Kubrick let us know that from the beginning. Look at the character of his wife Wendy (Shelley Duvall) in the beginning speaking with the doctor about she and Jack’s (Jack Nicholson) son. Danny (Danny Lloyd), blacked out and fell in the bathroom. She is pale and thin and chain smoking. When asked about her family’s recent move to Colorado, we learn that Jack had gotten drunk and dislocated Danny’s arm at their old home in Vermont. She diminishes the incident as “you know, just one of those things,” and smiles when she announces that Jack hasn’t touched a drink since then.

We are immediately told that Jack a threat. A man who won’t simply move his family from Vermont to Colorado to escape his misdeeds, he then proceeds to isolate them further by accepting the winter caretaker position at the Overlook Hotel. A hotel the manager told Jack was inaccessible during winter, the subject of a feud with native tribes, and had a recent winter caretaker who murdered his wife and two daughters with an axe and then killed himself with a shotgun.

“Cozy!” Wendy declares of the cramped area they’ll be forced to live in while at the hotel. While the kitchen, which she’s immediately sent to with Mr. Hallorann (Scatman Cruthers), an older black man, is immense and industrial. The polar opposite of a family kitchen.

Jack’s escalation to violence doesn’t take long, about a month going by the startling screen cards announcing the day of the week. His stated intention in taking the job is to write a book. We only ever see Wendy doing any caretaking of the hotel.Β  Whether she’s checking the boilers, cooking and bringing food to Jack, looking after or playing with Danny or communicating with the local forest rangers about the impassable roads and downed phone lines, she’s engaging in life. Meanwhile Jack plays with his handballs in the large hall he’s staked out as his writing area.

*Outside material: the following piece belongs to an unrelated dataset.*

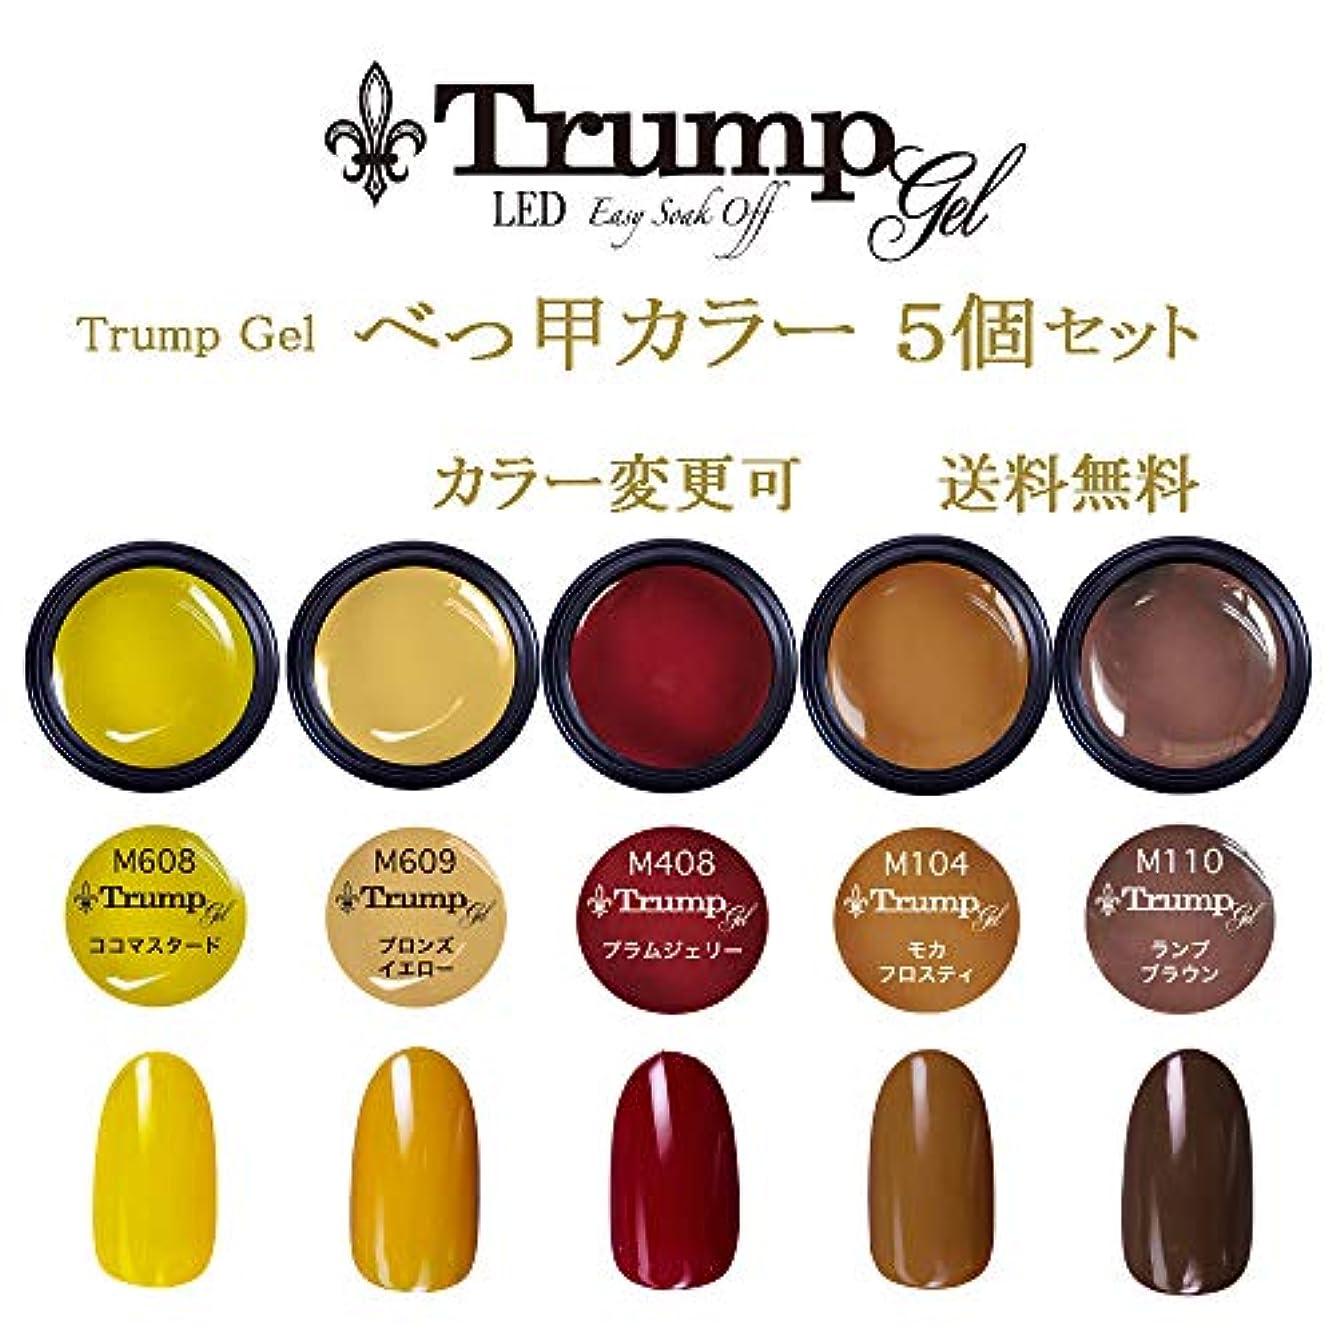 【送料無料】日本製 Trump gel トランプジェル べっ甲カラー ブラウン系 選べる カラージェル 5個セット べっ甲ネイル ベージュ ブラウン マスタード カラー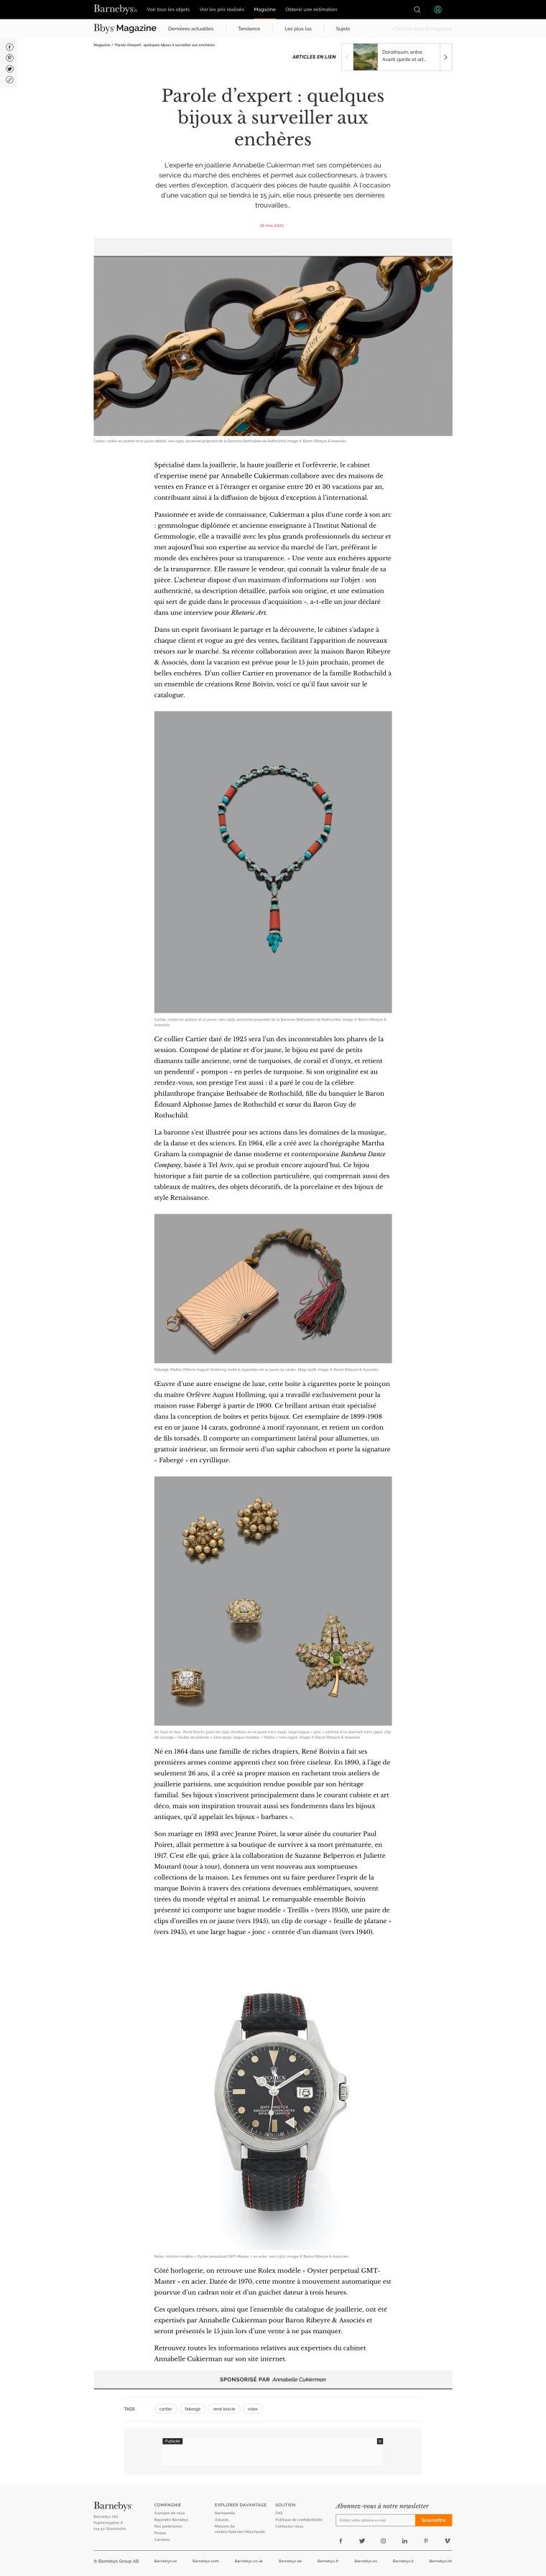 Parole d'expert _ quelques bijoux à surveiller aux enchères _ Magazine Barnebys

As Wendy, Danny and Jack become more isolated, the worse Jack becomes. It’s as though the release from society and its norms with checks on behavior releases something in Jack. That something is alluded to on the family drive to the hotel: what The Donner Party became after they were left snowbound in the mountains. Worse than animals. Degraded and depraved humanity.

Jack begins with agitated hostility. When Wendy enters the hall to check on him, he orders her out, telling her to leave him alone “and . . . start now by getting the fuck out.” Wendy really has no response to his casual cruelty than to suck in her breath and leave. She isn’t a person to him. Neither is Danny.

When Jack does make his “deal with the devil,” declaring “[he’d] sell his soul for a goddamned glass of beer,” he’s crude with the approving bartender who appears, Lloyd (Joe Turkel). Wendy is “the old sperm bank,” and Danny is “the little fucker.” Danny spread his papers all over his office, so Jack just pulled him away so dislocating his shoulder was Danny’s fault, he explains. Jack complains of “The White Man’s Burden.” Later on, Mr. Hallorann is referred to as “a n—-r cook.” The Bartender says, “Women. Can’t live with them.” Leaving the usual end of the phrase ominously missing.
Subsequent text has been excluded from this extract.